Professional ratings
Aggregate scores
| Source | Rating |
| Metacritic | 54/100 |
Review scores
| Source | Rating |
| AllMusic |  |
| Clash | 4/10 |
| Consequence of Sound | D− |
| Drowned in Sound | 7/10 |
| MusicOMH |  |
| NME |  |
| Now |  |
| Pitchfork | 5.8/10 |
| PopMatters | 4/10 |
| Slant Magazine |  |

==Production==
Christopher was written, engineered and produced by lead vocalist Ryan McPhun, and mixed by American producer Chris Coady.

==Singles==
The first single, "Kingfisher Call Me", was released on 30 October 2012. The music video was released on 12 December 2012.

The band released the music video "In Real Life" on 6 February 2013.
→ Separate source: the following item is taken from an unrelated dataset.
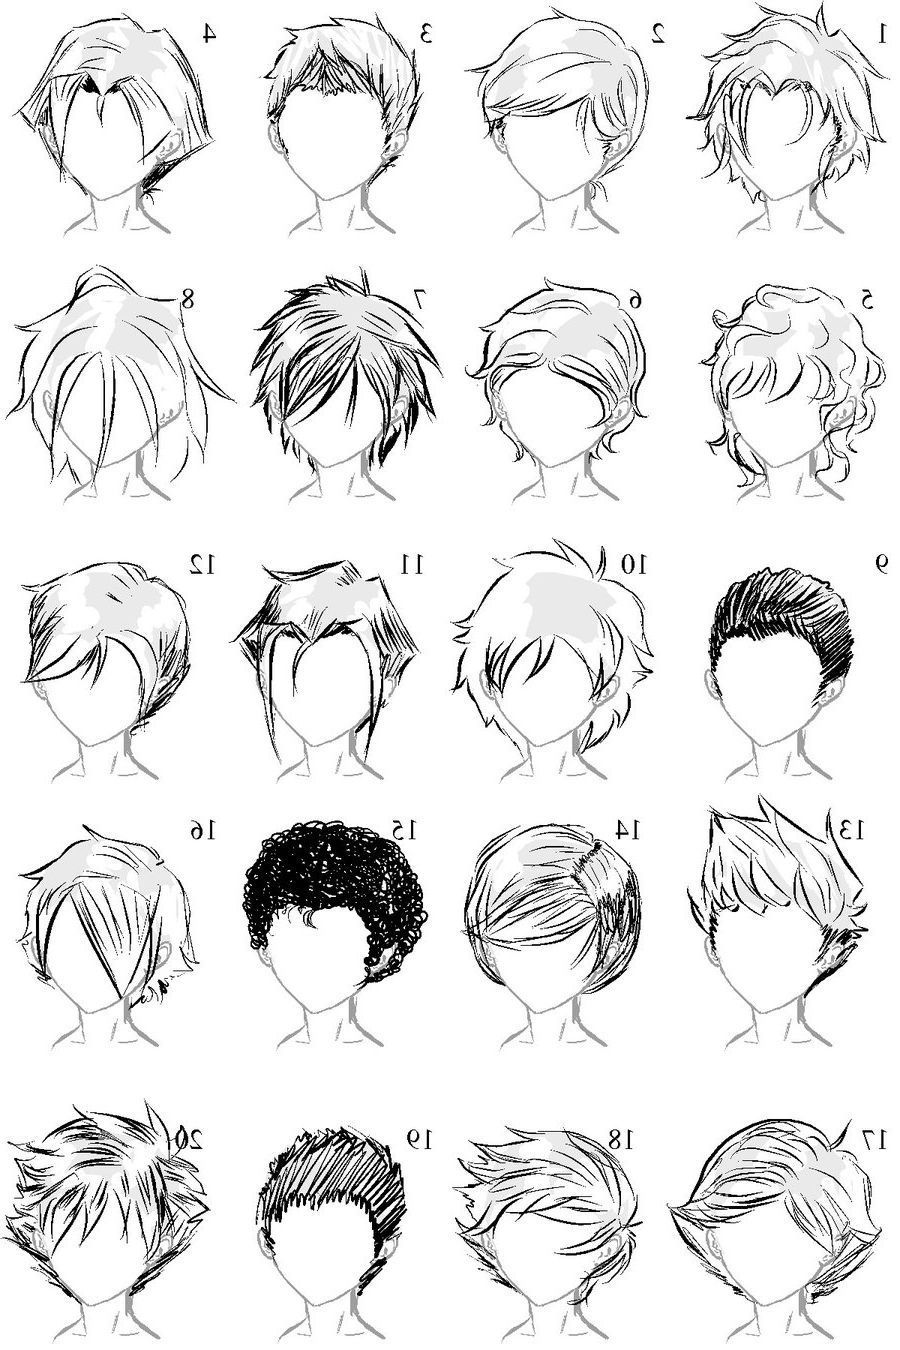 20 Anime Male Eyes Step By Step In 2020 Manga Hair Anime Boy Hair Boy Hair Drawing

The music video to "Desert of Pop" was released on 21 February 2014, and directed by Samuel Kristofski.

==Critical reception==
Christopher was met with "mixed or average" reviews from critics. At Metacritic, which assigns a weighted average rating using reviews from mainstream publications, this release received an average score of 54 based on 17 reviews.
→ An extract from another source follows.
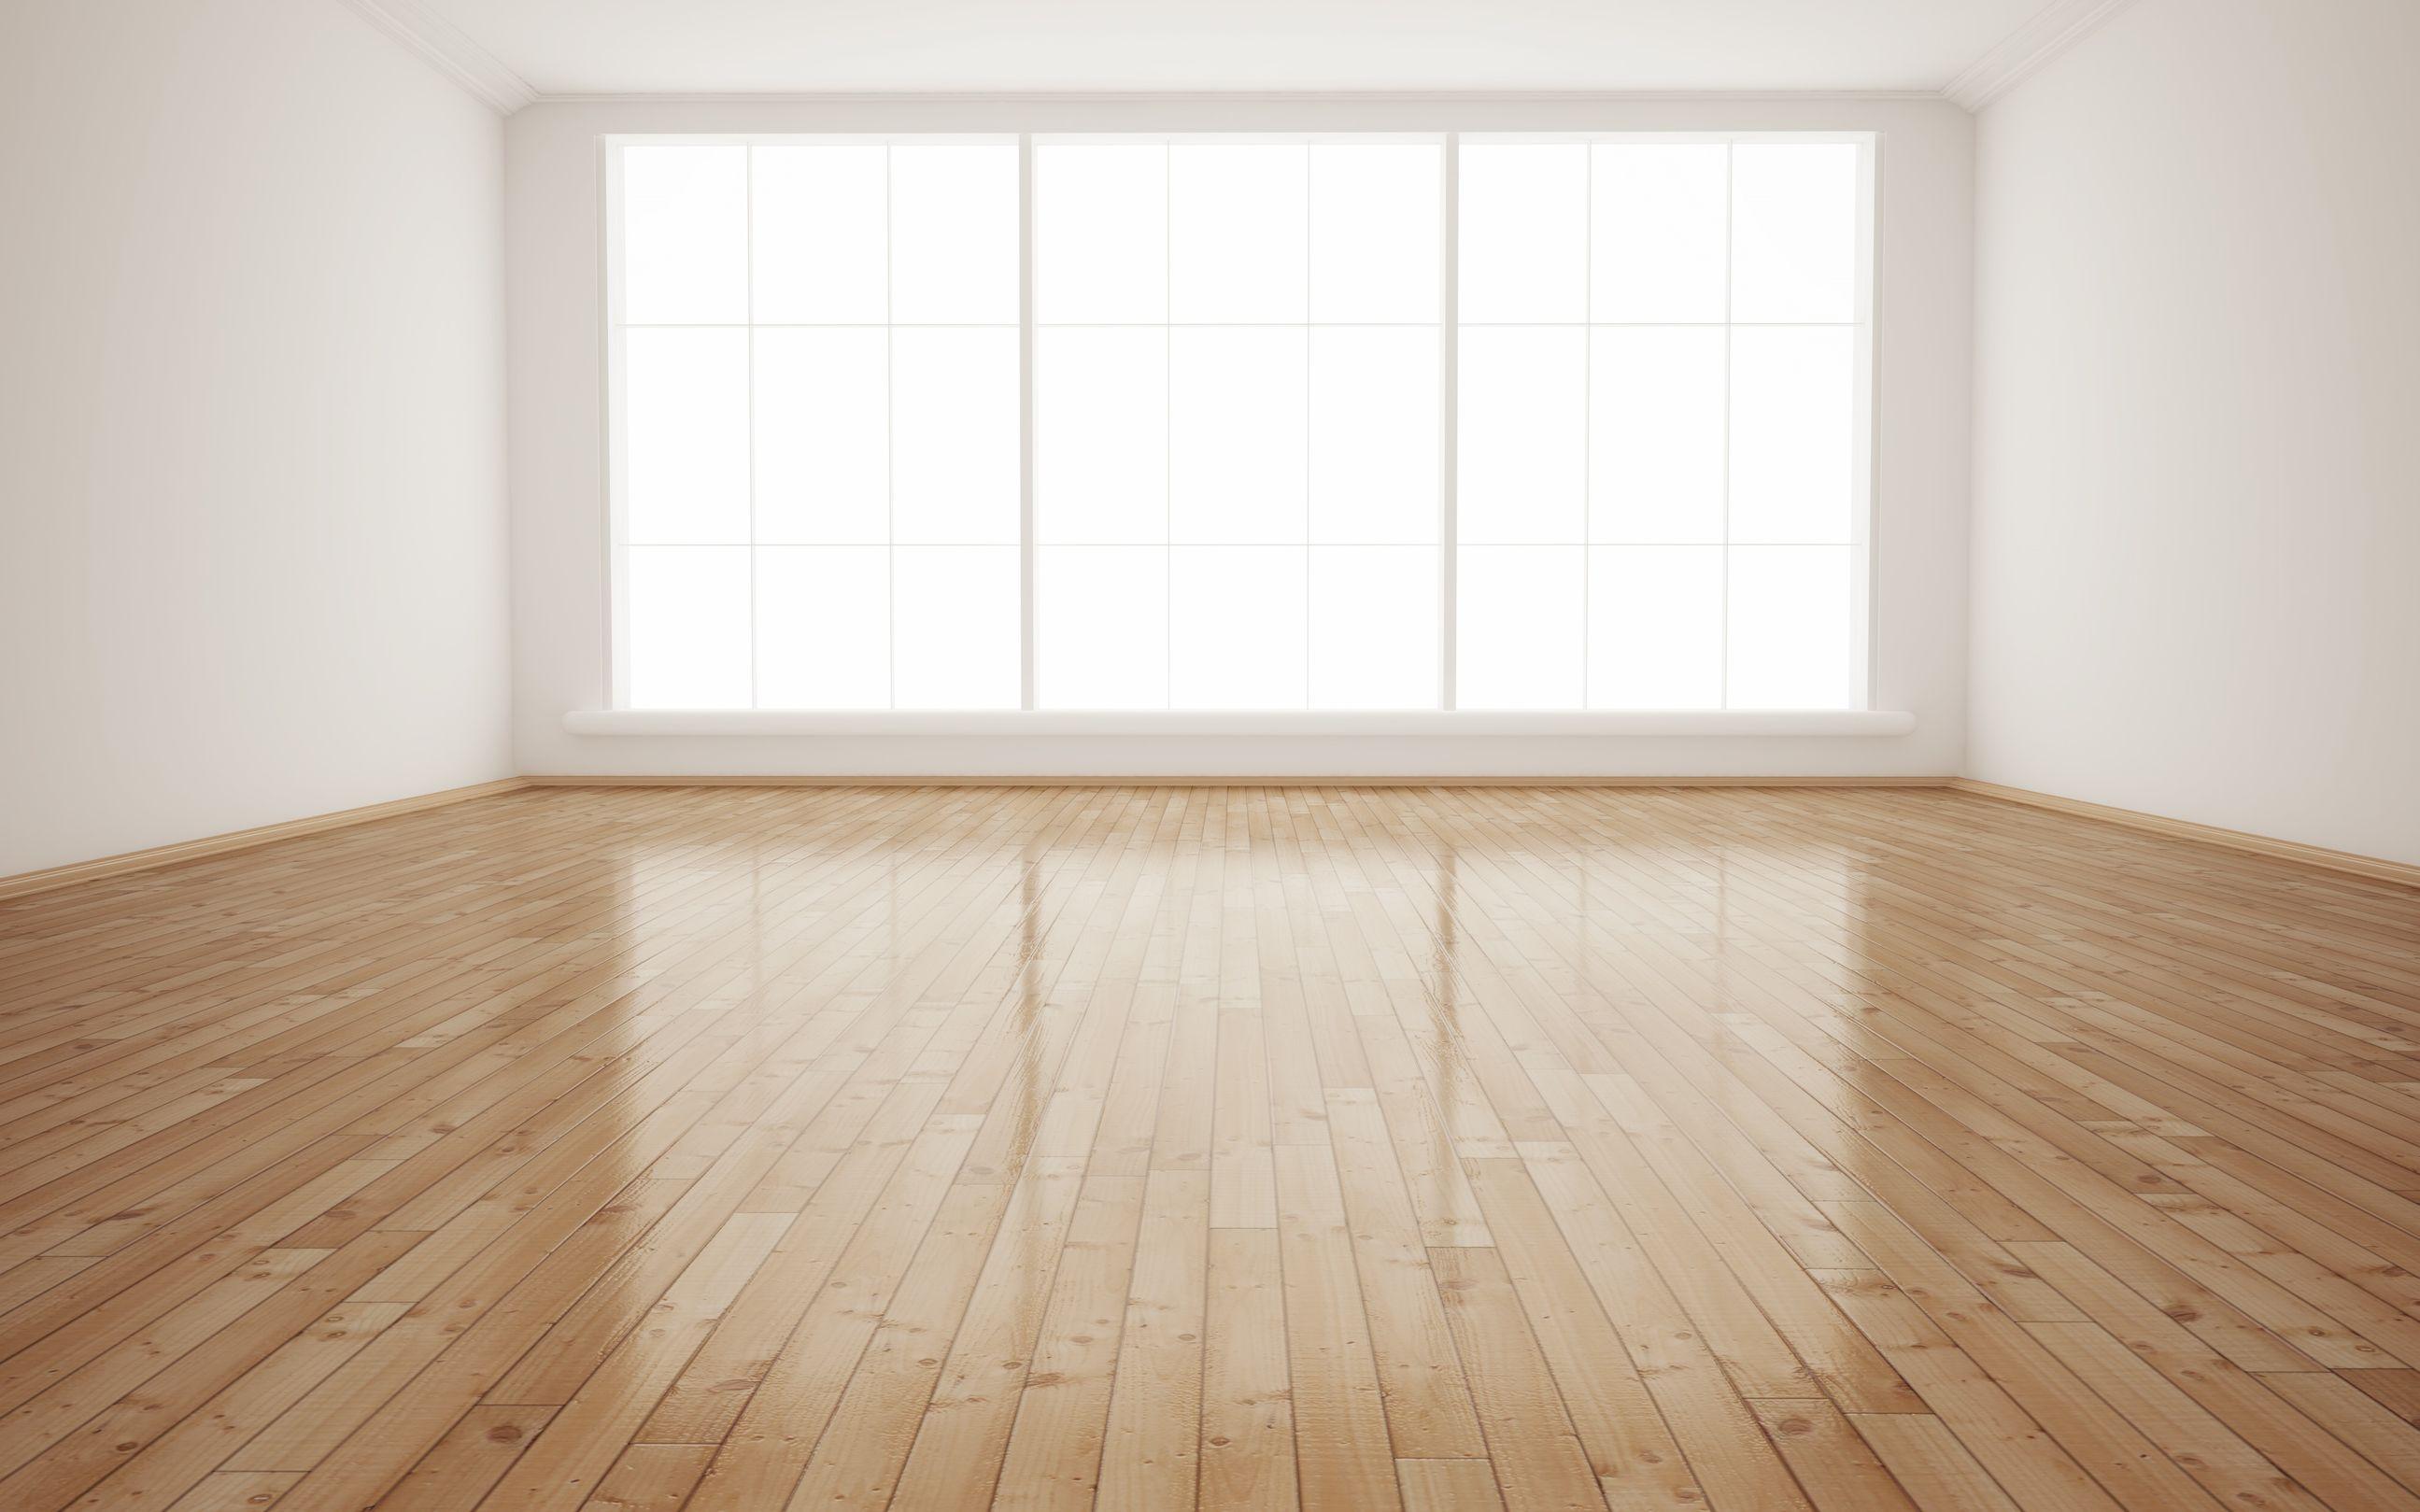 Bright interior empty room 3d render for New floor

In a review for AllMusic, critic Fred Thomas wrote: "There's a vague sense throughout the album that some hard-fought personal growth in McPhun's life is driving the dramatic shifts in this set of songs, but rarely are the tunes themselves direct enough to connect on the emotional levels they seem to be aiming for. That said, the occasional burst of incredible, disposable pop goes a long way, but sadly not long enough to make Christopher an entirely engaging experience." Gareth James of Clash called the release a "phenomenally uneventful album, with noodly synth bits and squelchy, meandering programmed drums beneath entirely forgettable, wafting vocals." At Consequence of Sound, Sasha Gefffen said: "Christophers hyper-saturated synths sound less like a reverent throwback and more like Twin Shadow in an irradiated snow globe. The wallop that each chorus aspires to is tempered by sheer sonic clutter." Billy Hamilton of Drowned in Sound explained: "Despite the self-therapy and tonal lulls, Christopher is a highly listenable affair that produces two truly outstanding moments." Hamilton went on to call the release "a frustrating listen". NME reviewer Matthew Horton described Christopher as a "dreamy lushness with synths that range all the way from zappy to squashy."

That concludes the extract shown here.